Look, I don't really have a problem with well-executed hypocrisy.  Whether one likes it or not, a certain hypocrisy is the meat and potatoes of any decent diplomatic initiative.  The screed vomited up by Pompeo in this sophomoric little piece of fluff could be repurposed to a withering condemnation of the US with a simple search and replace and be made into a fairly accurate description of our currently boneheaded "Foreign Policy".


Tuesday, November 6, 2018

A say without a stake


Voter measures are a shitty way to run a government.  Direct democracies in a society tainted by corporations and mass media are useless.
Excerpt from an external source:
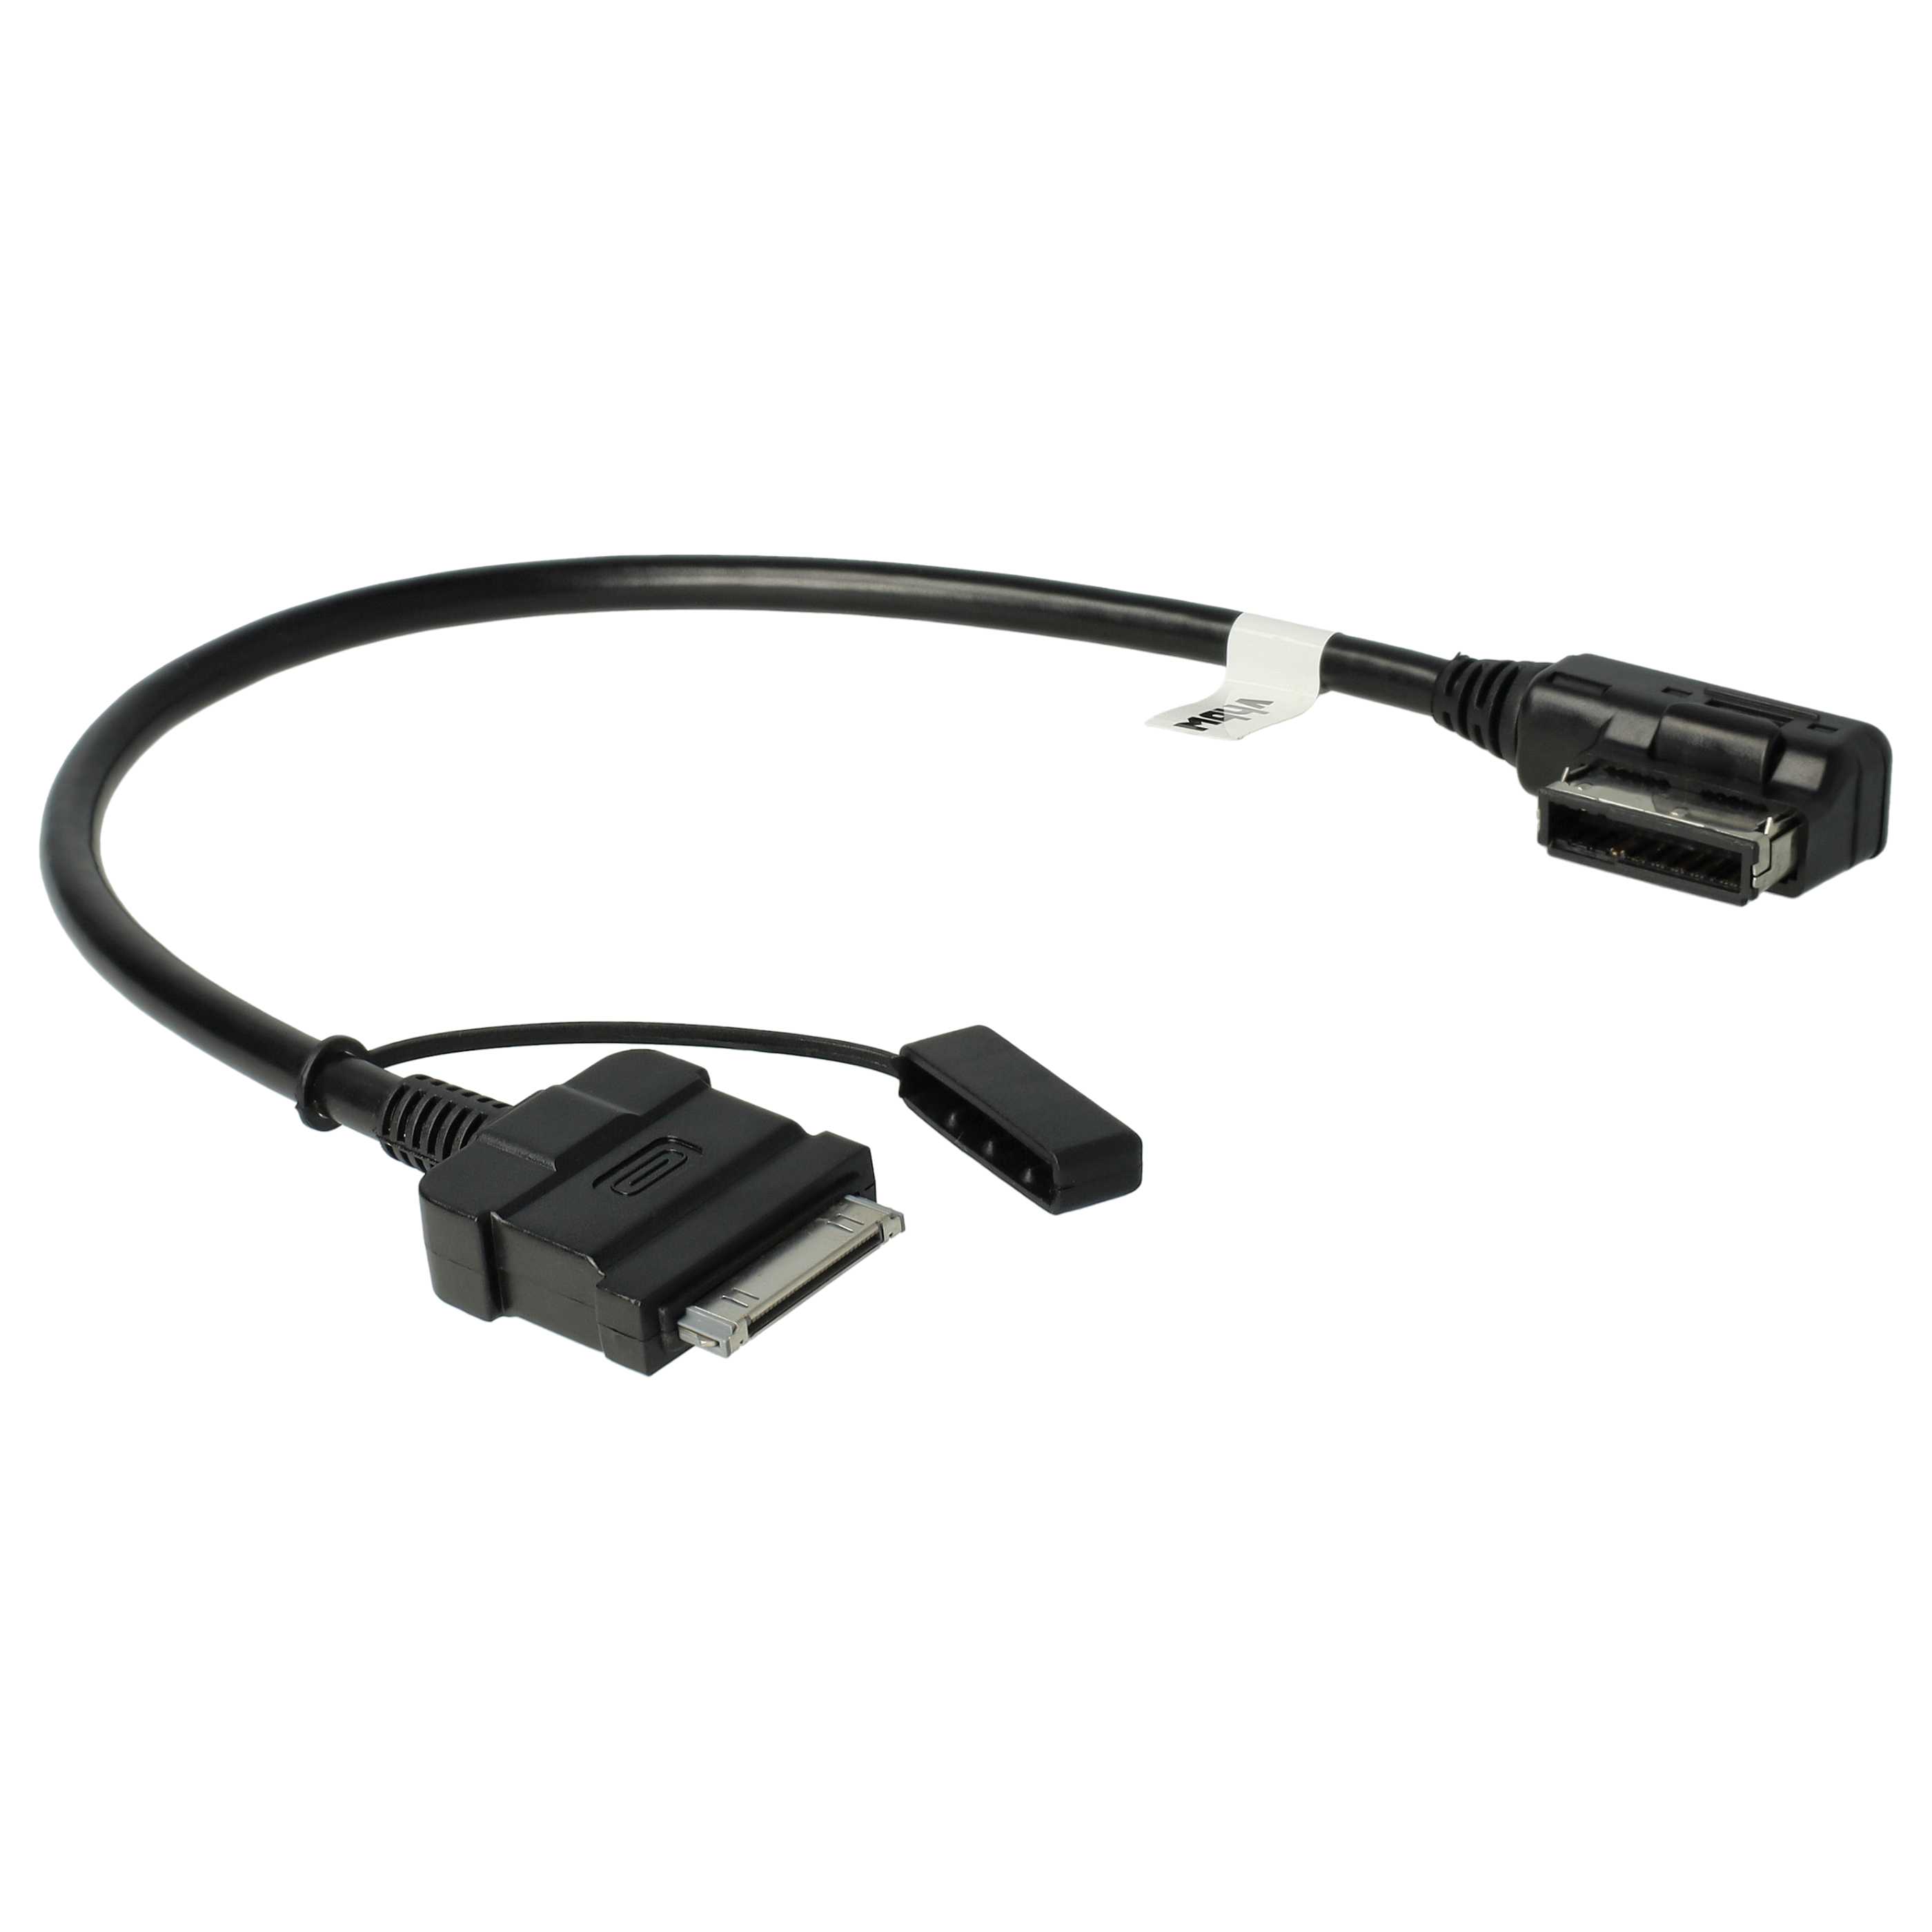 AUX Audio Adapter Cable as Replacement for 5N0035554 Car Radio etc.

The quickest way for a group of greedy, gouging shitheads to get a unwarranted break is to put up a rule to "help someone".  Here in Oregon, the rule is roughly titled "no sales tax on groceries".

Sounds good, doesn't it.  Hell, at first, I think that I was even going "hell yes".

But then I started thinking about it.  First, the measure (Measure 103) is written as a wide-open invitation to abuse.  What constitutes a "grocery"?  I have no problem with flour, raw rice and beans, meat, stuff that is there to be cooked.  But the way that this thing reads to me, I think that folks will be getting a break on their monster drinks and cheetos.   From what I can see, restaurants will get a break on their bottom line, because their groceries will be free of those pesky taxes.  You can also be certain that the "grocery" industry will be trotting out a lot more "prepared foods" under the rubric of "groceries" to get around the taxes.  They won't lower the prices, they will just pocket the difference.

The one problem with do-gooding is that the do-gooders don't see the people that they are helping as a part of society.  I think that they see them as pets and/or children.  They must have everything provided and made easy.  That makes them feel good about themselves.